_RECORDS PROVIDED:_

::::::::

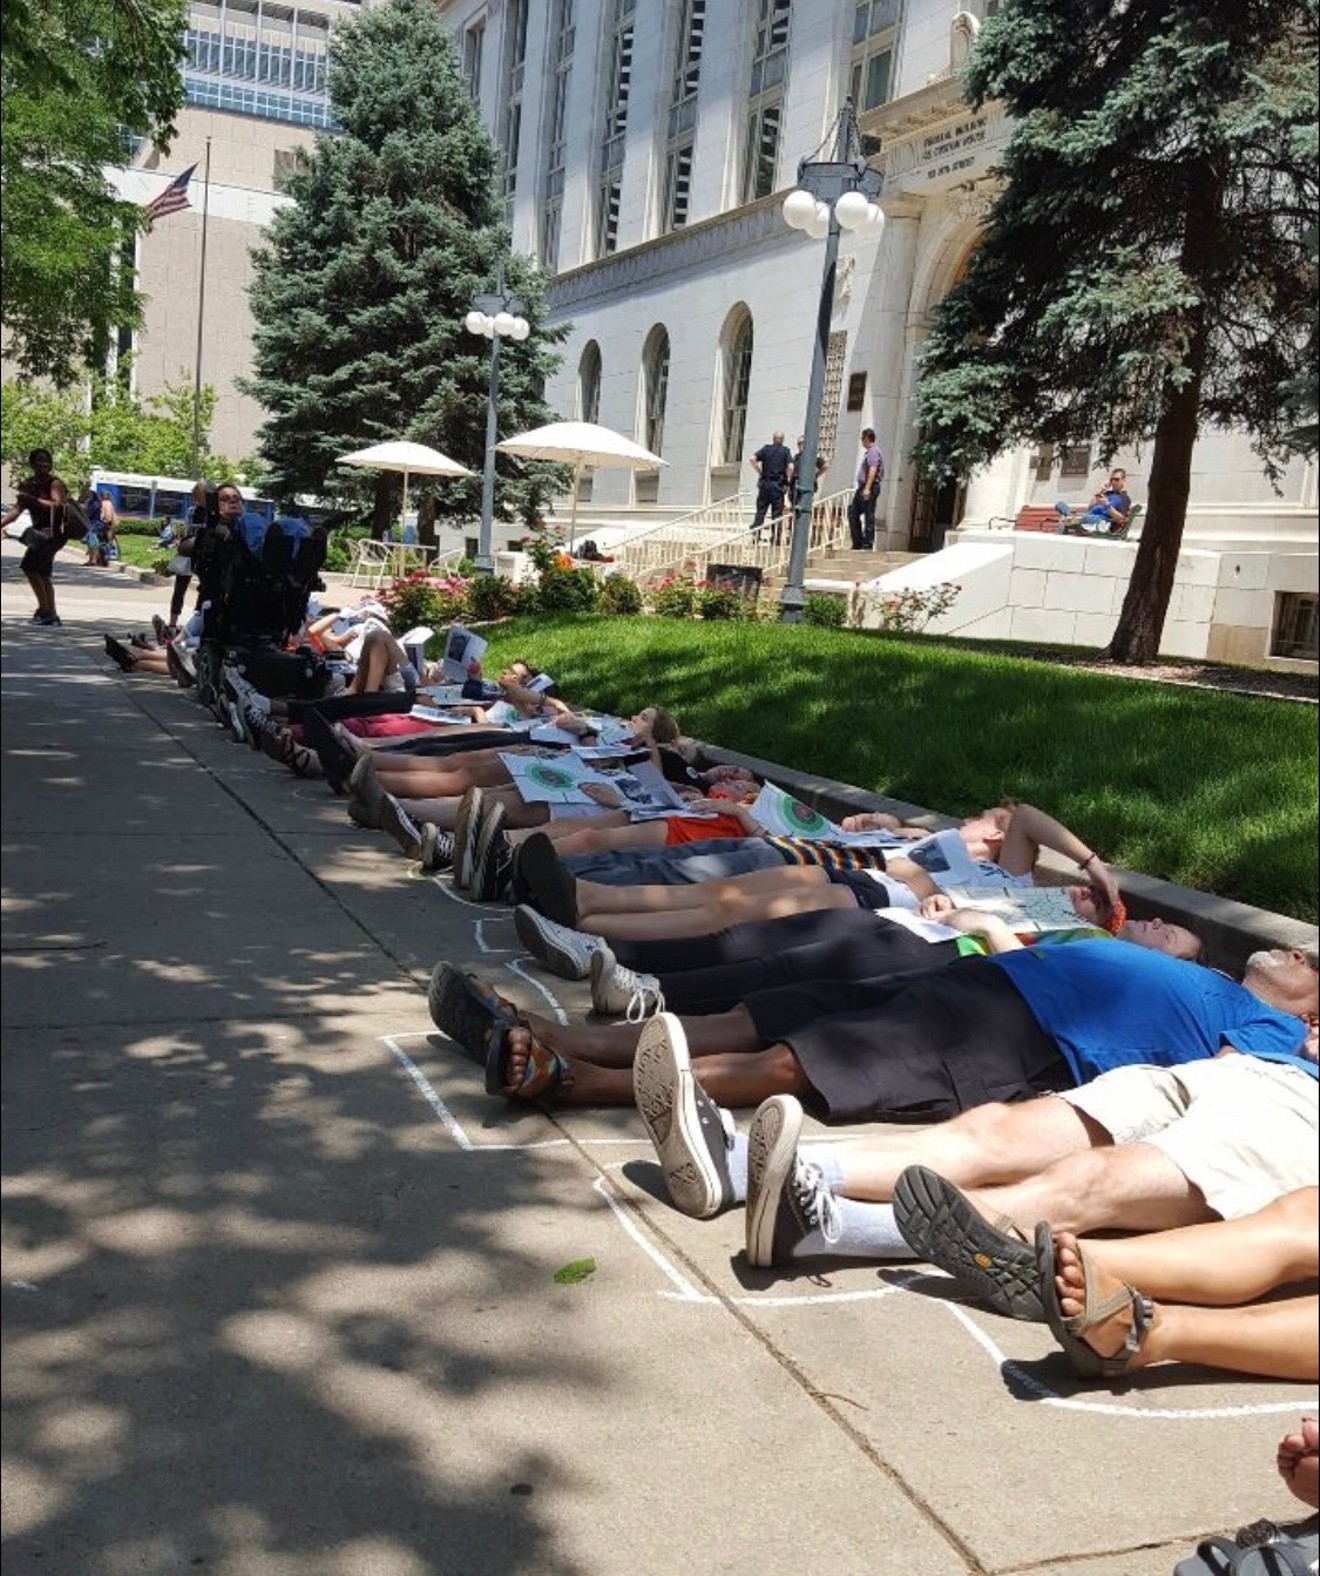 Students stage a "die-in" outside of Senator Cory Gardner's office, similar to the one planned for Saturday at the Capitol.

::::::::

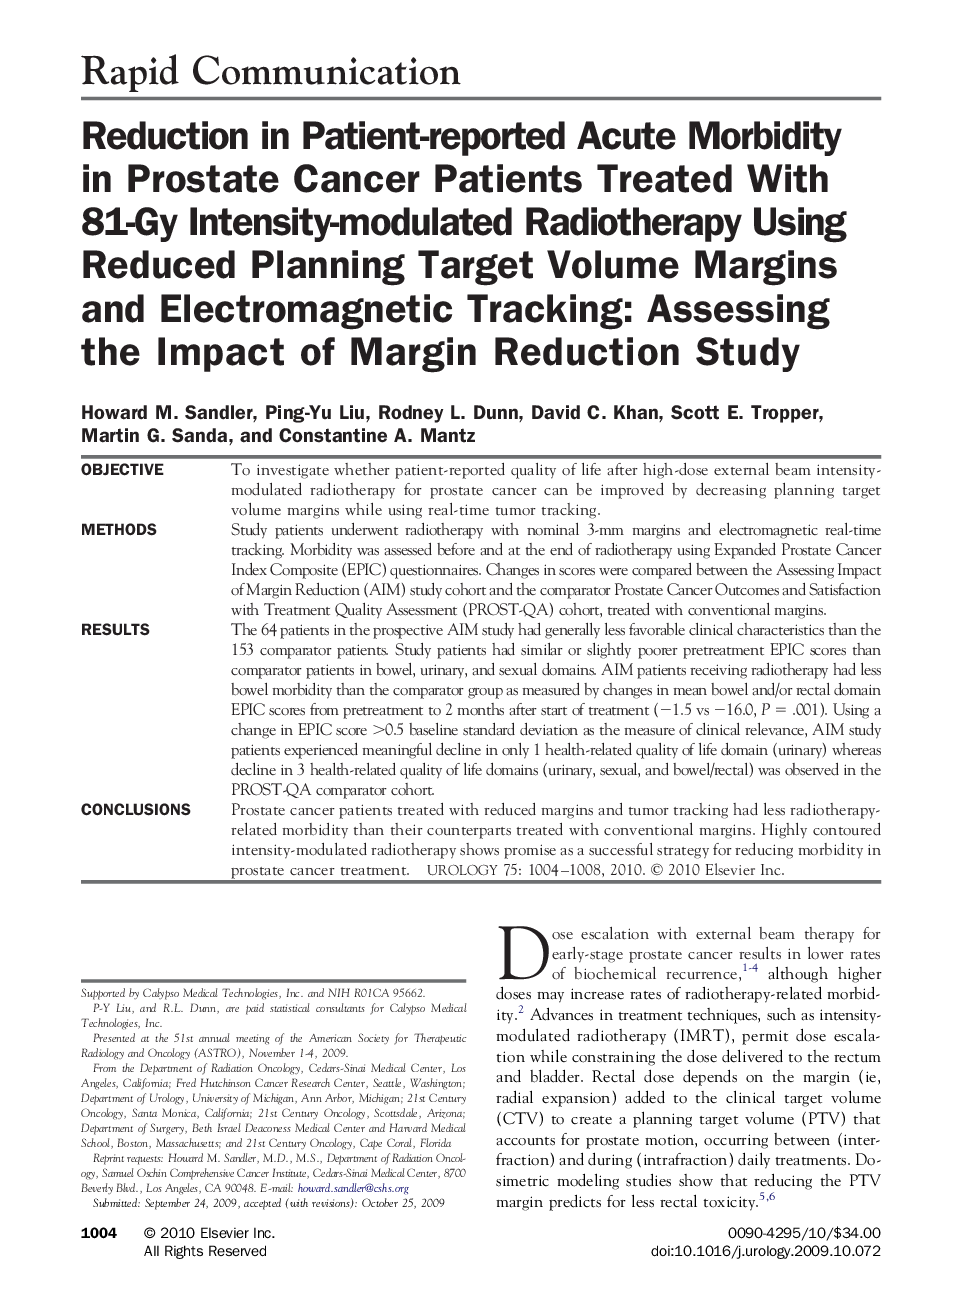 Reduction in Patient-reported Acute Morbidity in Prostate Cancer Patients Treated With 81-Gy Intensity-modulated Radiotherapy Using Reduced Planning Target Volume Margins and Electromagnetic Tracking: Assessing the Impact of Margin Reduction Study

::::::::

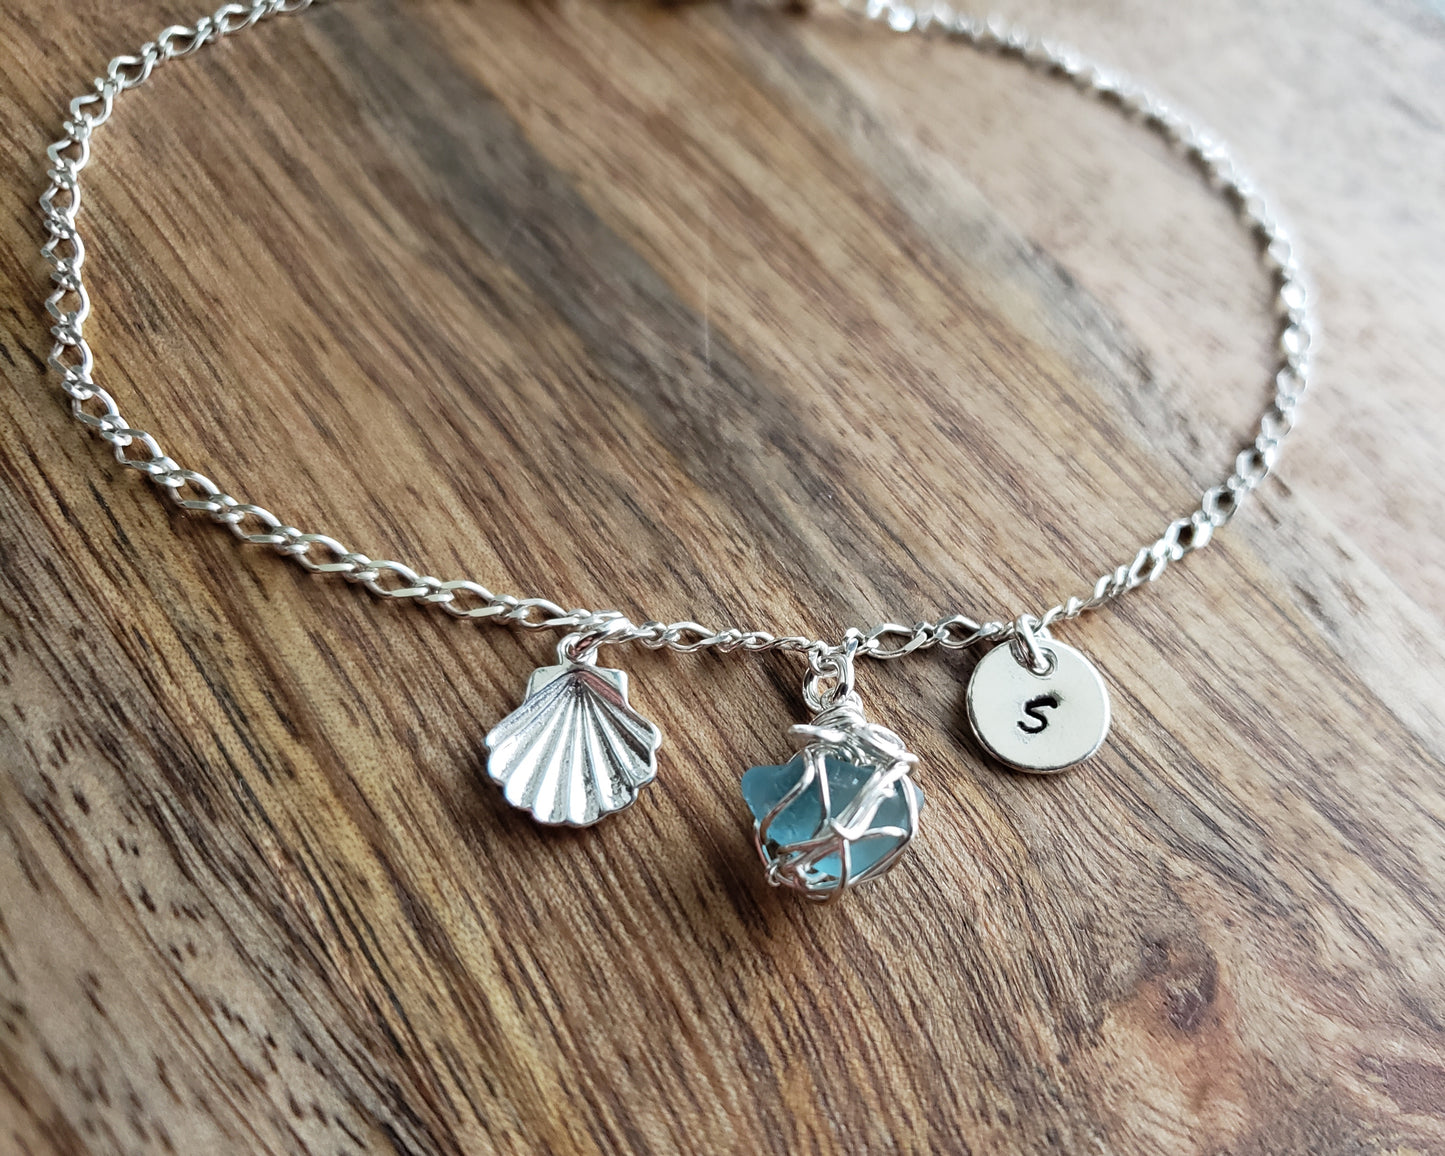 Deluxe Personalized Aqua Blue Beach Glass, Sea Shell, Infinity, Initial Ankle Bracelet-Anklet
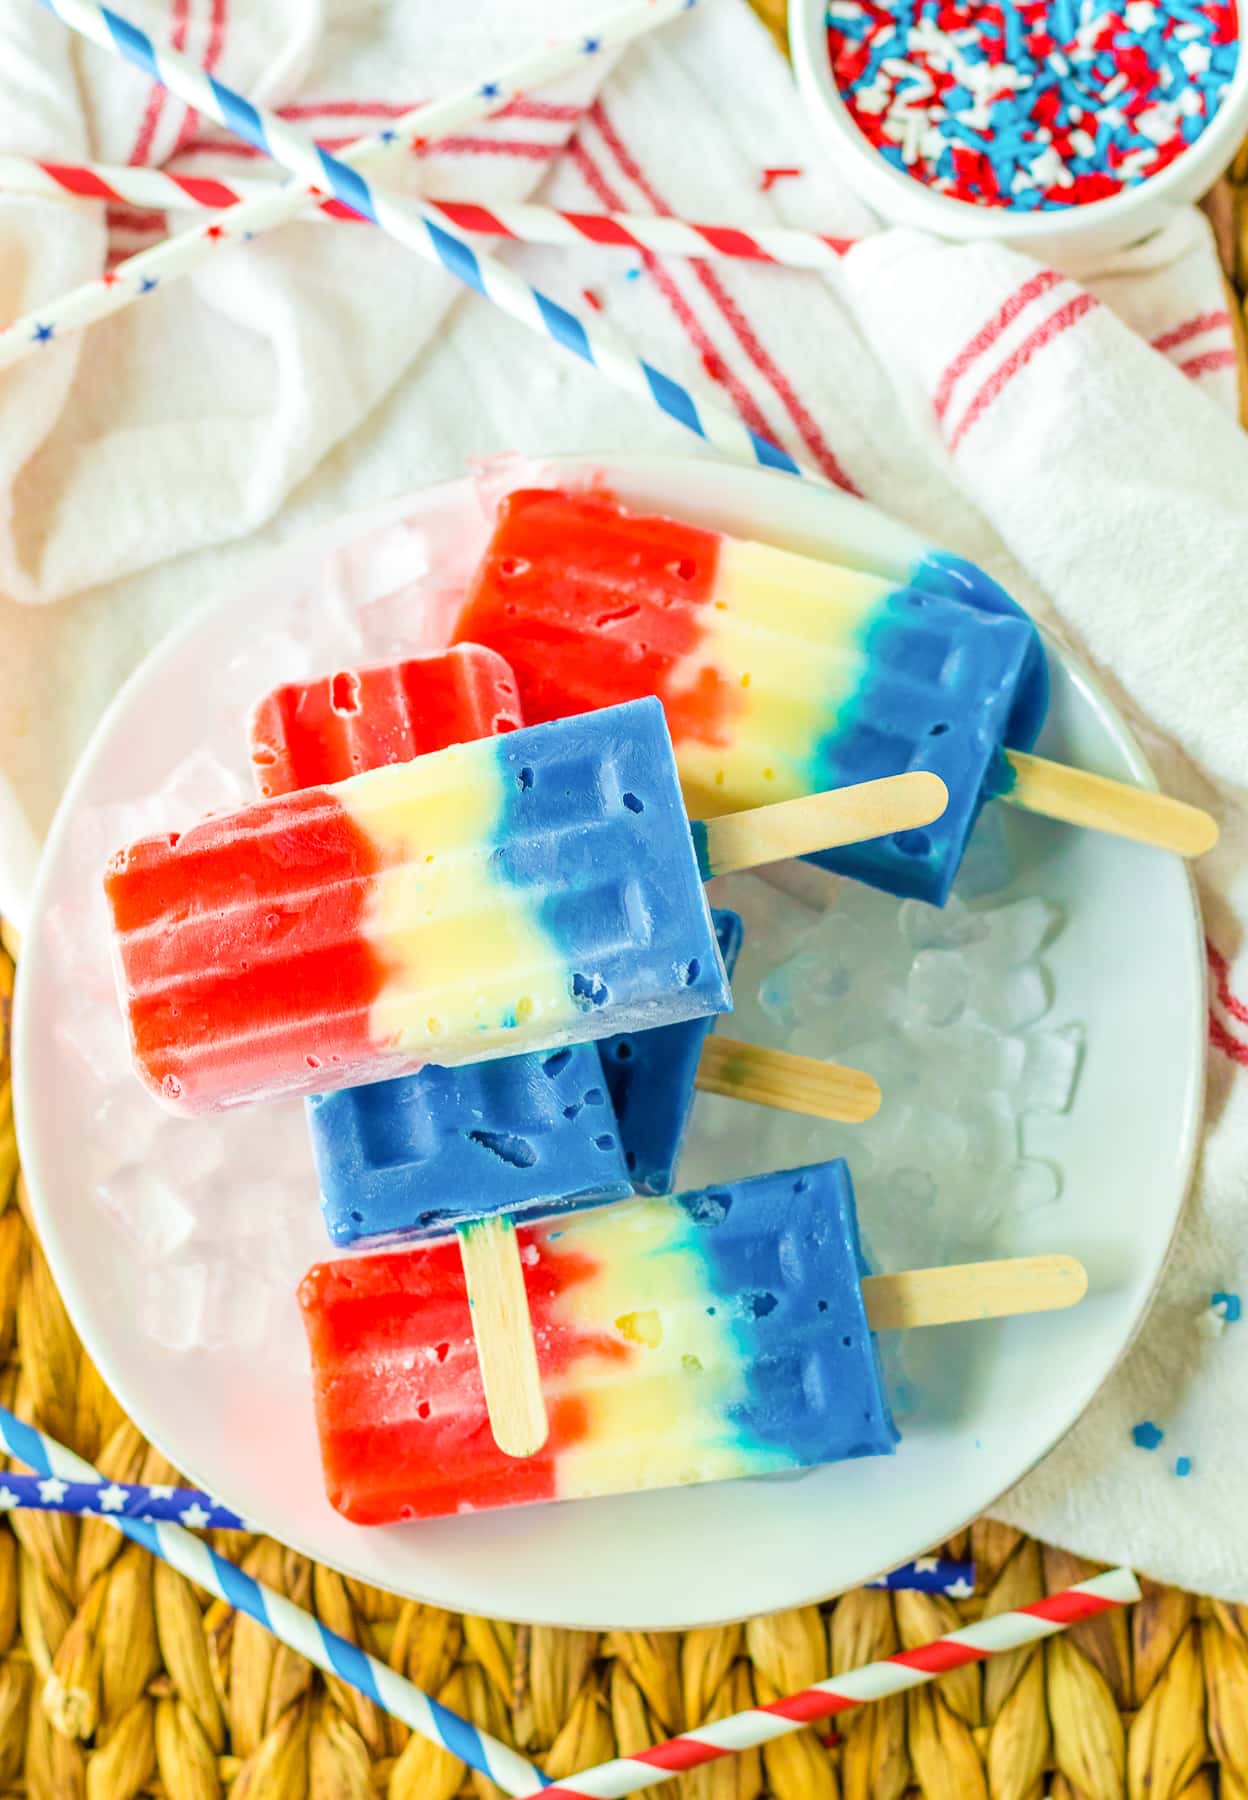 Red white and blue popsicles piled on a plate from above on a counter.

::::::::

_WORK REQUEST:_ After locating the line containing "Deluxe Personalized Aqua" in the entries above, return it and every line after it exactly, ending at the line containing "Red white and", without pictures.

_OUTPUT:_
 Deluxe Personalized Aqua Blue Beach Glass, Sea Shell, Infinity, Initial Ankle Bracelet-Anklet
 Red white and blue popsicles piled on a plate from above on a counter.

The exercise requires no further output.